---- Data shown
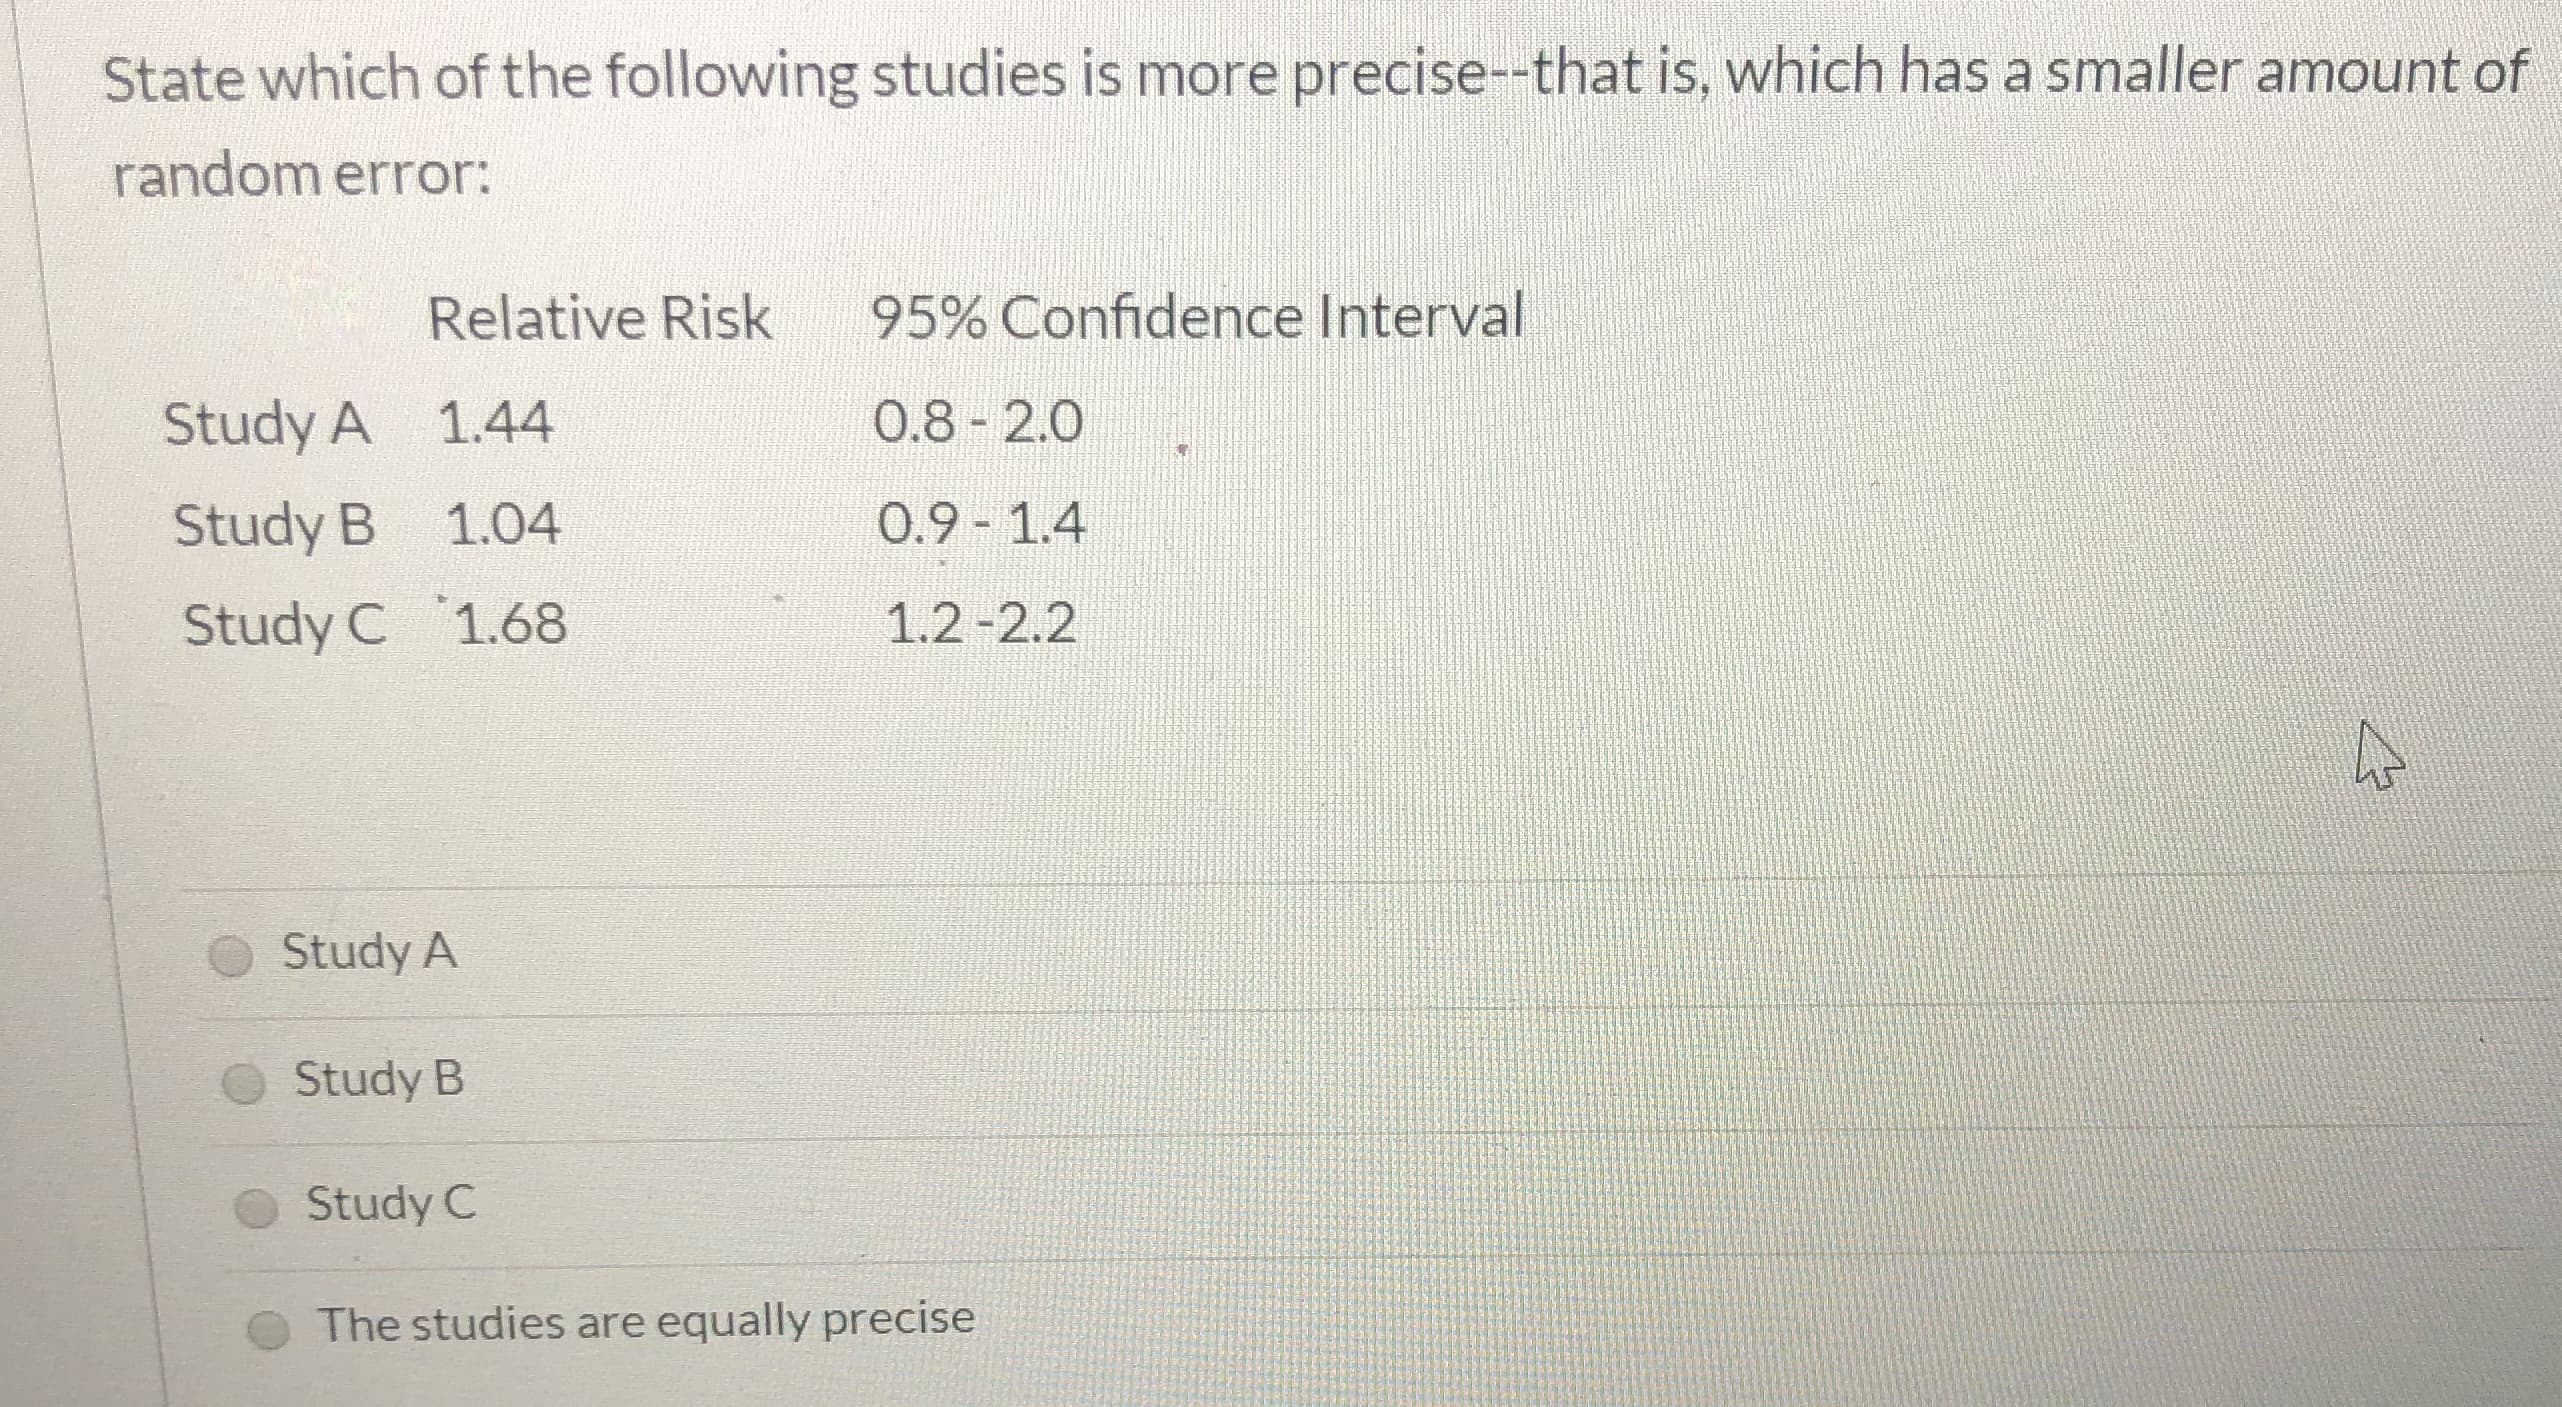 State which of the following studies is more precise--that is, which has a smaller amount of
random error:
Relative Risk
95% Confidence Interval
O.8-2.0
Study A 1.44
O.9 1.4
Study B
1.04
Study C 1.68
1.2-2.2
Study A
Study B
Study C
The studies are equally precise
--------
---- Data shown
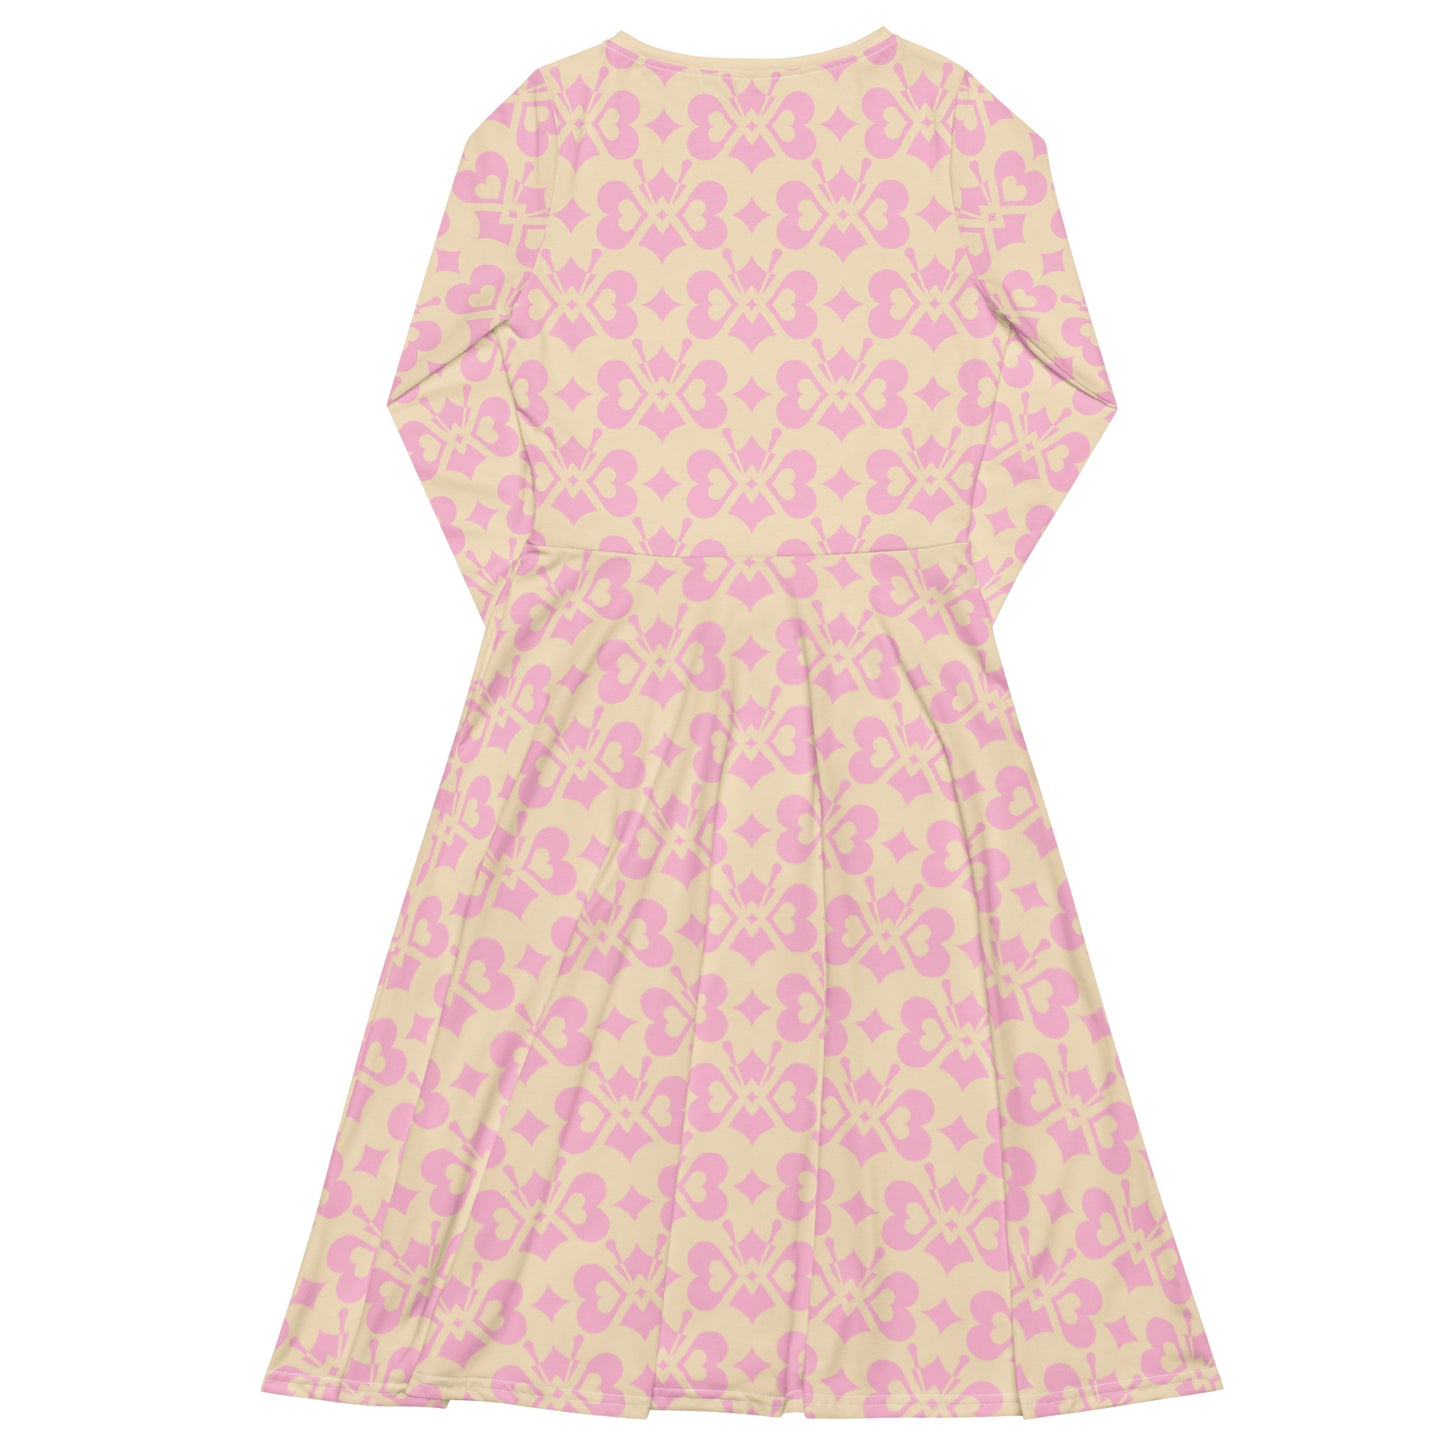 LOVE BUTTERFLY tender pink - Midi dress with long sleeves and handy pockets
--------
Task description — Looking over the entries above, how many lines contain the string "Study"? State the number and nothing else.

Your solution — 6